The American Heart Association and the American College of Cardiology have released the first clinical practice guideline specifically for acute pulmonary embolism (PE), introducing a new Acute Pulmonary Embolism Clinical Category system to define severity and guide treatment strategies. Published simultaneously in Circulation and JACC, the guideline emphasizes prompt diagnosis and treatment to reduce mortality and complications from this life-threatening condition, which affects approximately 470,000 people annually in the U.S., with about 1 in 5 high-risk patients dying.
The new classification system categorizes patients into five groups (A through E) based on symptom severity and risk of adverse outcomes. Categories A and B include patients with no or mild symptoms and low risk, who may be safely discharged from the emergency department. Categories C through E encompass higher-risk patients requiring hospitalization or critical care. This system aims to help clinicians tailor treatment based on individual patient needs and available resources.
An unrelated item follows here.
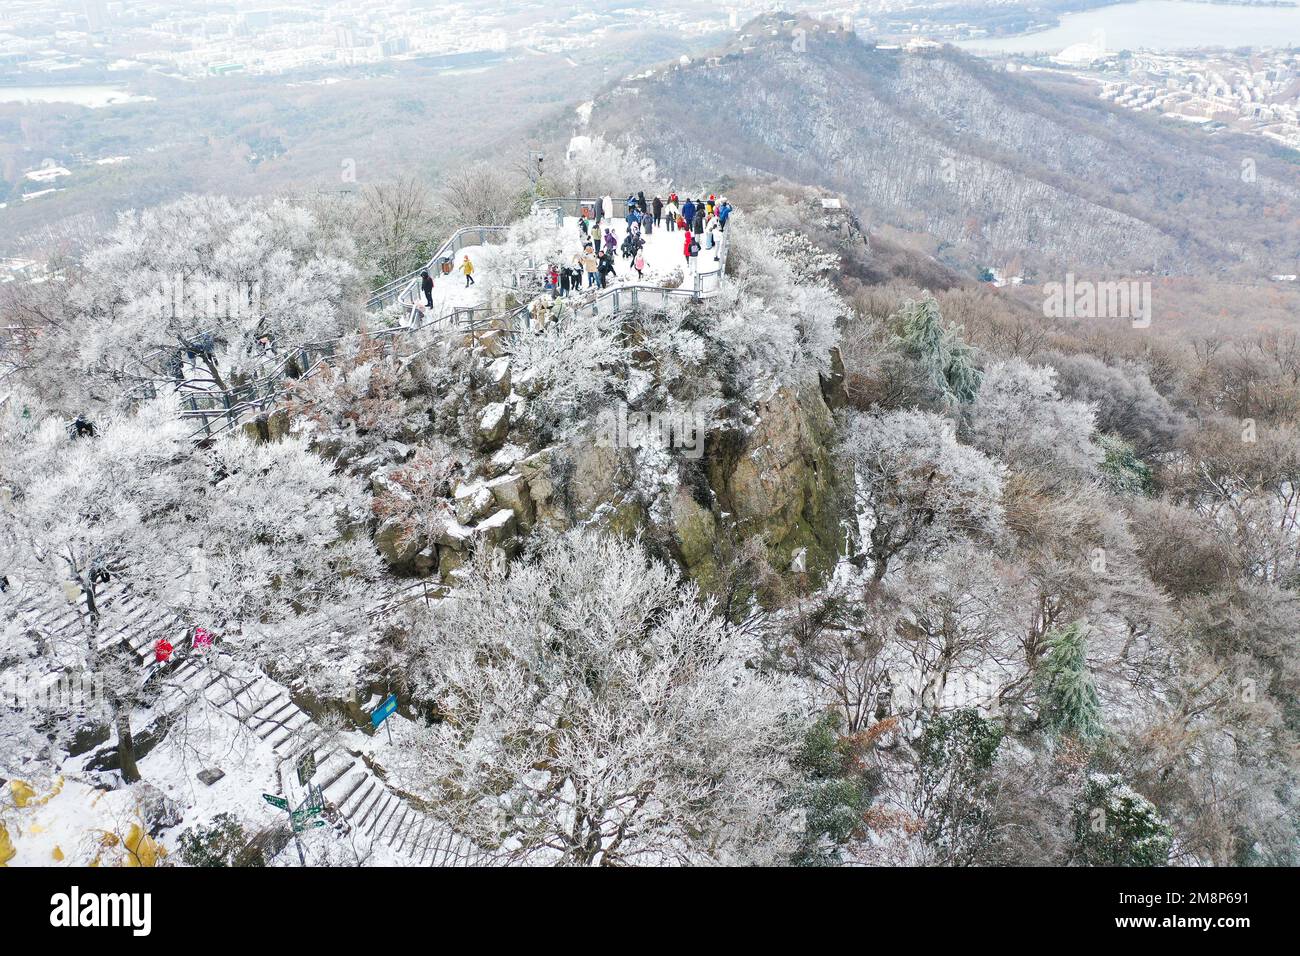 NANJING, CHINA - 15. JANUAR 2023 - Touristen genießen den Schnee am Zijin Mountain in Nanjing, Ostchina Provinz Jiangsu, 15. Januar 2023. Stockfoto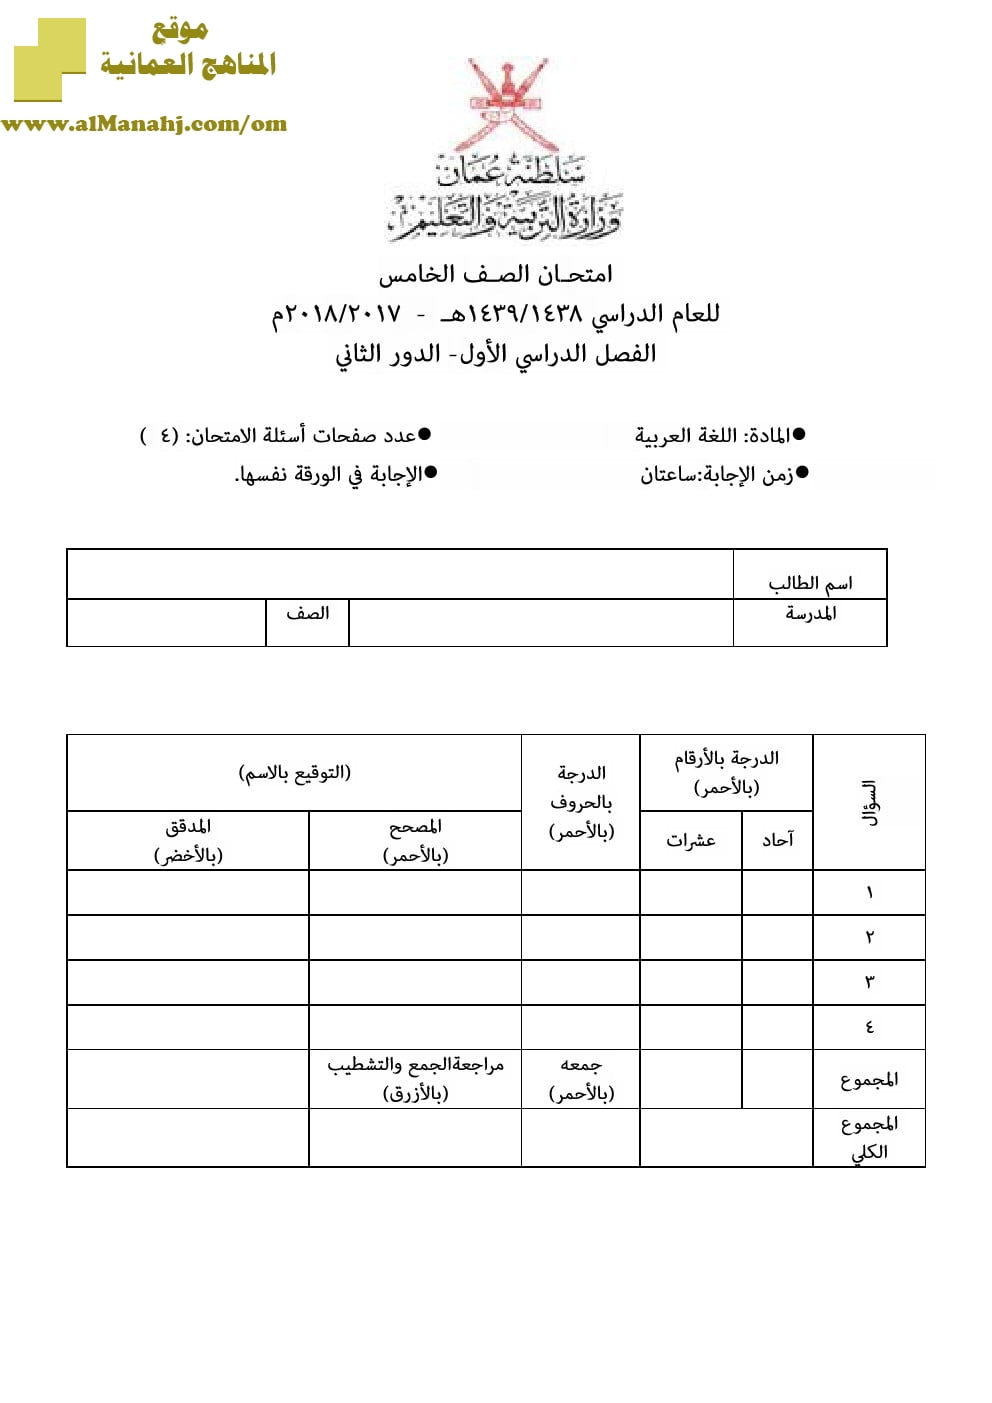 أسئلة وإجابة الامتحان الرسمي للفصل الدراسي الأول الدور الأول والثاني (لغة عربية) الخامس

Risk factors for acute PE include recent surgery or hospitalization, trauma, prolonged immobility, pregnancy, obesity, cancer, and blood clotting disorders. The guideline recommends assessing these factors when evaluating patients with symptoms such as shortness of breath, chest pain, rapid heartbeat, fainting, or dizziness. For patients with low or intermediate probability of PE, a D-dimer blood test is advised; if elevated or if clinical probability is high, imaging with computed tomography pulmonary angiography (CTPA) is the standard diagnostic test.
Treatment primarily involves anticoagulants, with direct oral anticoagulants (DOACs) such as rivaroxaban and apixaban preferred over warfarin due to better safety and ease of use, except during pregnancy when low-molecular-weight heparin is recommended. For higher-risk patients (Categories D-E), advanced treatments like clot-dissolving drugs or mechanical removal may be necessary. The guideline also details appropriate sedation, ventilation, and circulatory support for critically ill patients.
Follow-up care includes early communication within one week of discharge, a three-month visit to reassess anticoagulation duration, and long-term monitoring for chronic thromboembolic pulmonary disease. Screening for depression, anxiety, and PTSD is suggested, and patients are encouraged to engage in early walking and use compression socks during long travel. The guideline is endorsed by eight other healthcare organizations, including the American College of Emergency Physicians and the Society for Vascular Medicine.